Question

杭电1003哪错了

Given a sequence a[1],a[2],a[3]......a[n], your job is to calculate the max sum of a sub-sequence. For example, given (6,-1,5,4,-7), the max sum in this sequence is 6 + (-1) + 5 + 4 = 14.

Input
The first line of the input contains an integer T(1<=T<=20) which means the number of test cases. Then T lines follow, each line starts with a number N(1<=N<=100000), then N integers followed(all the integers are between -1000 and 1000).

Output
For each test case, you should output two lines. The first line is "Case #:", # means the number of the test case. The second line contains three integers, the Max Sum in the sequence, the start position of the sub-sequence, the end position of the sub-sequence. If there are more than one result, output the first one.

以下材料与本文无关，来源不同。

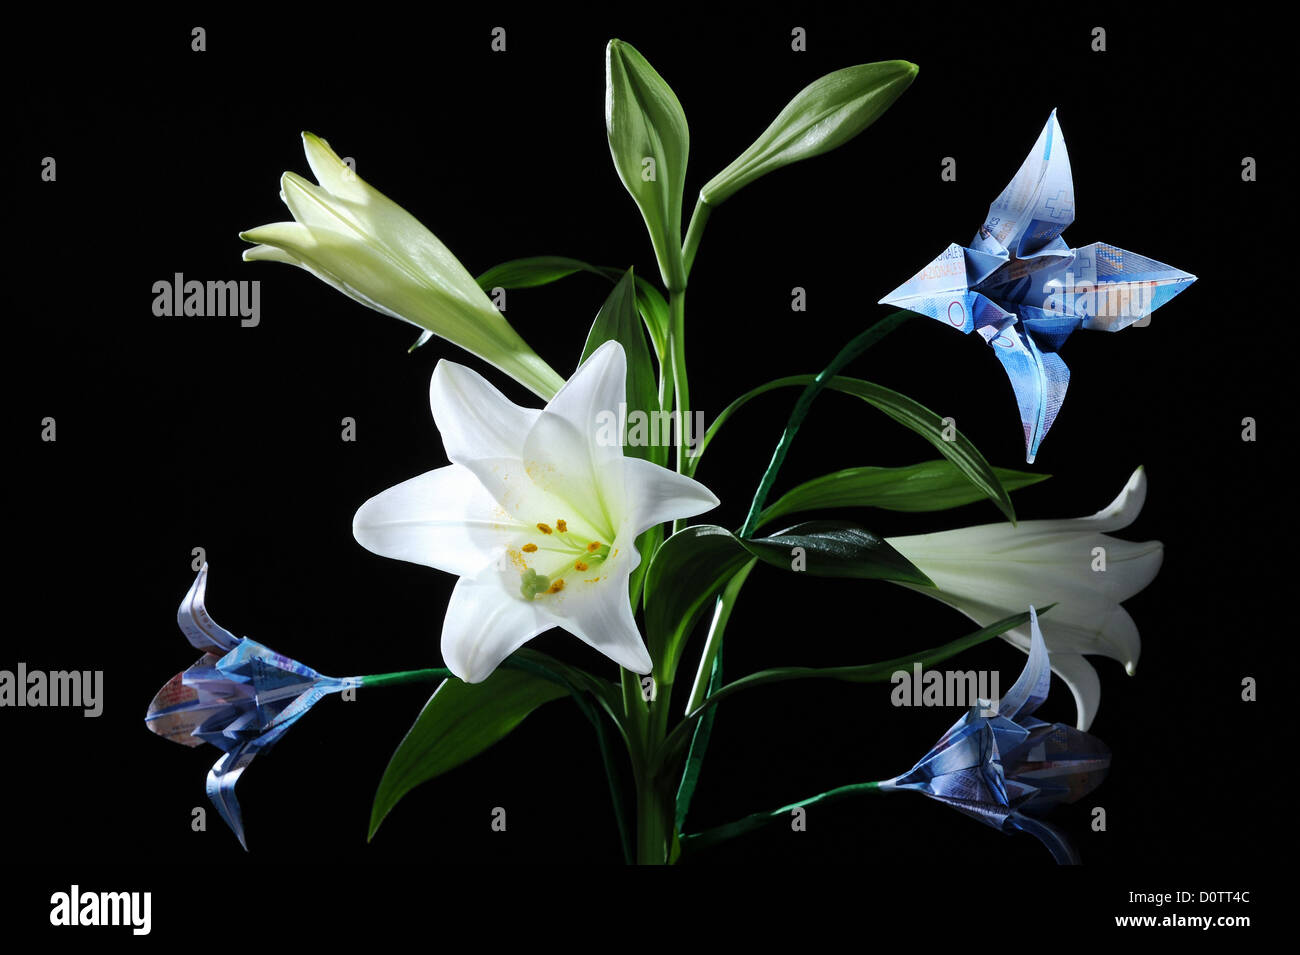 Flowers Origami Notes Money Growth Prosper Grow Swiss Franc

Output a blank line between two cases.

Sample Input
2
5 6 -1 5 4 -7
7 0 6 -1 1 -6 7 -5

Sample Output
Case 1:
14 1 4

Case 2:
7 1 6

我的代码：
#include"stdio.h"
int main()
{
int i,j,k,n,m,a[200],b[200][200],p,q;
while(scanf("%d",&n)!=EOF)
{
for(i=1;i<=n;i++)
{
scanf("%d",&m);
for(j=1;j<=m;j++)
{
scanf("%d",&a[j]);

}
for(k=1;k<=199;k++)
for(j=1;j<=199;j++)
b[k][j]=0;

for(k=1;k<=m;k++)
{
for(j=1;j<=k;j++)
{

for(q=j;q<=k;q++)
{
b[j][k]+=a[q];

}

}

}
p=1;q=1;
for(k=1;k<=m;k++)
{
for(j=1;j<=k;j++)
{
if(b[j][k]>b[p][q])
{
p=j;q=k;

}

}
}
printf("Case %d:\n",i);

printf("%d %d %d\n",b[p][q],p,q);
if(i!=n)
printf("\n");

}

}

return 0;
}

哪有错

Answer 1

#include <stdio.h>

int main()
{
int t,n,i,sum,star,th,end,j,p,k;

scanf("%d",&t);
for (k=1;k<=t;k++)
{
sum = -1000;
star = end = th = j = p = 0;
scanf("%d",&n);
for (j = 0; j < n; j ++)
{
scanf("%d",&i);
th += i;
if (th > sum)
{
sum = th;
star = p;
end = j;
}
if (th < 0)
{
p = j + 1;
th = 0;
}
}
printf("Case %d:\n%d %d %d\n",k,sum,star+1,end+1);
if(k!=t)
printf("\n");

}

return 0;
}
给你看看我的参考下吧，好久没做ACM了，这东西太费脑